She was wringing the boy's clothing when one of the horses nickered: Max had just rounded the curve. He had spotted the meadow and was trying to push the log toward it, but the log had more substance than he, and he was swimming only weakly.

Catherine dropped Joey's clothes and ran to the stud. The horse shied, dancing until Catherine caught the reins. She jerked the rope free from the saddle and ran toward Max, copper water spraying silver from her feet. If she couldn't put the rope in his hands, he would be swept downstream to die while she raced keening along the bank above, watching helplessly.

She threw. Short! The rope snaked back to her in arm-length jerks. She twirled it over her head and let it fly again. It sailed past Max, but as it came full length, it jerked back and fell across the log. Max slipped the loop over his head and under one arm, and the rope tightened, and he was yanked off the log. Max had every nonswimmer's fear of being in water over his head, and he kicked and slapped at the flood, fighting panic, fighting to keep his face above water.

Catherine was pulled off her feet by Max's weight and the power of the flood, and she was being drawn toward deep water and death. If she let go, she could save her own life and Joey's, but she couldn't do that. She had begun a litany of Holy Marys, and then she spotted a dead juniper sticking about six inches above the surface of the water. She pulled, kicked and swam to that pole and looped the rope around it. Max swung heavy on the end of the line, and the rope cut into his chest and neck until he thought he would be strangled. Odd, he thought, to hang yourself so you wouldn't drown. But as he swung toward shore, his body was caught in the eddy drifting back upstream. Catherine could pull him along, then, taking in the slack with half hitches around the juniper stump, and finally he was there.

Max's arm came from the water, and he grabbed the juniper in the crook of his arm, embracing it as though it were life itself. They stood there, in chest-deep water, looking into each other's eyes and gasping for breath.

“Catherine O'Dowd,” Max said. “You're one hell of a woman. If you weren't married, I'd ask you to tie up with me.”

“And if I weren't married,” Catherine said, her voice so soft Max could just hear it over the roar of the flood, “I might have said yes.”

“Yeah?” Max said, wiping his forehead with his sleeve. “Joey all right?”

“We have to get him back and get him warmed up.”

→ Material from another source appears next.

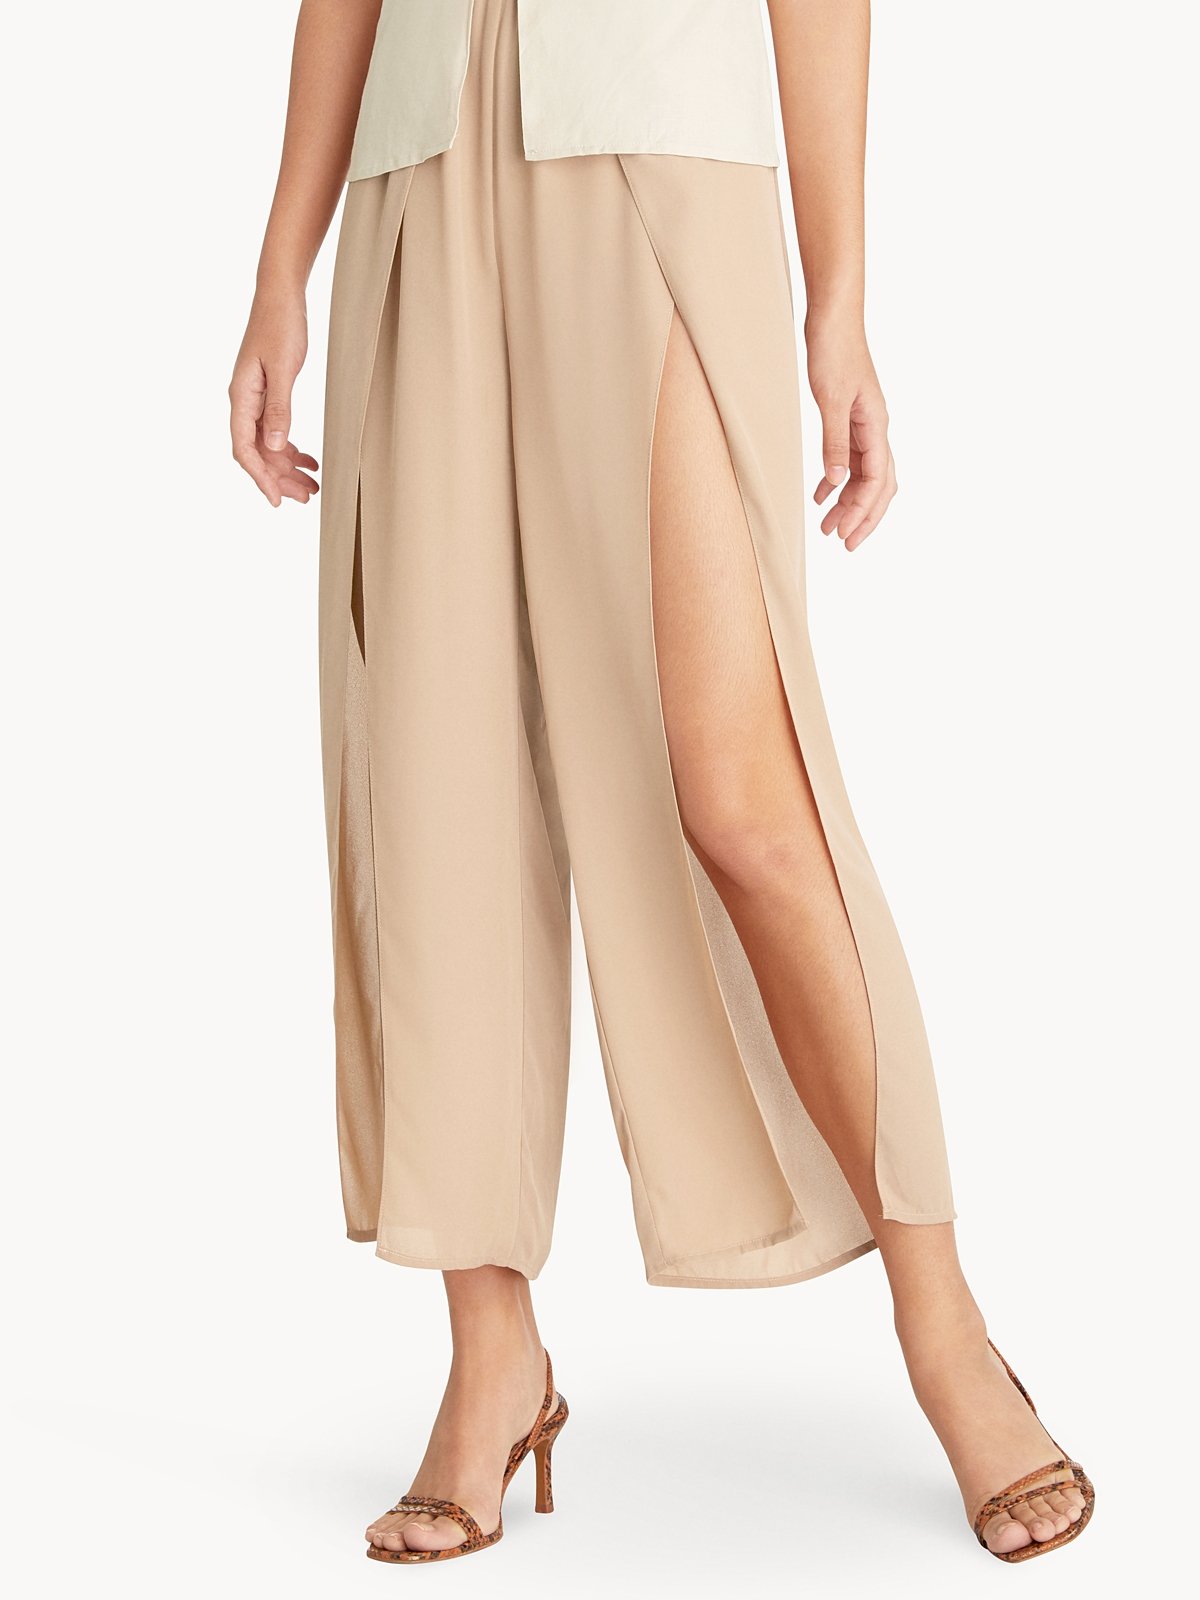 Beige Wide Leg Pants with Slit Detail Online Shopping

Max drew a deep breath. “I'll take the rope and wade into shallower water. You leave it tied until I get set. Then I'll give you a hand coming in.”

The crowd at the Toomey place had swelled in the hour, year, century they had been gone. The women had a table heaped with food. There was a bonfire roaring in front of the cabin, and some of the men who had been wading the creek looking for Joey's body were circled around it, blankets draped over their heads and open at the front to catch the heat, celebrants of an ancient rite.

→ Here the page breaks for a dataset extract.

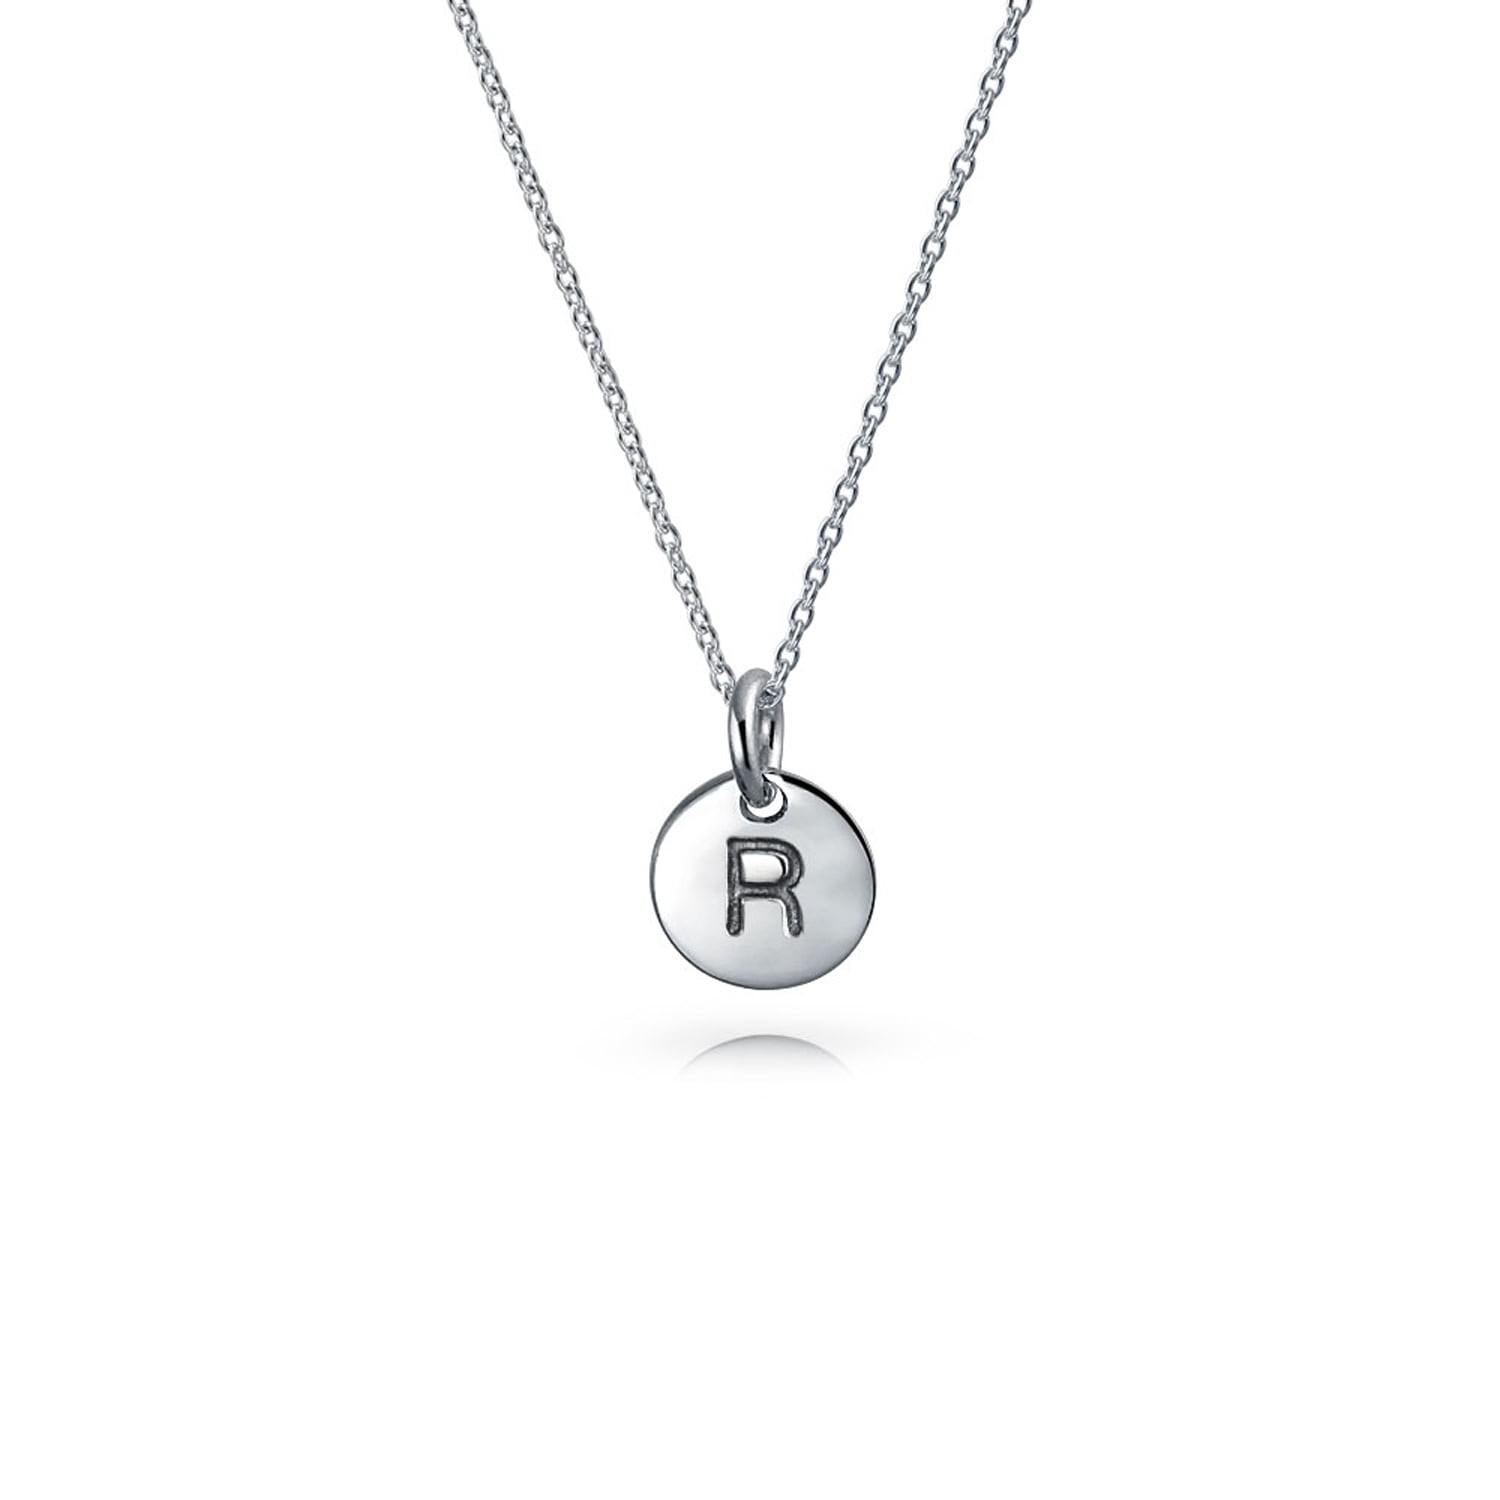 Details about   The Letter "W" 925 Sterling Silver Necklace w

Klaus hadn't moved. He stood alone in a crowd of milling people, hat held across his chest, eyes fixed on the thin line that defines sky and land in Montana.

Children were scattered through the scene like pepper in a pot, and one spotted Joey. Wonder chased surprise from his face, and he ran for the dugout, shouting at the top of his voice: “They got Joey! They got Joey! They got Joey!”

All eyes turned to the creek in dread.

“No, there,” the boy shouted, pointing to Max and Catherine, “and he's alive.”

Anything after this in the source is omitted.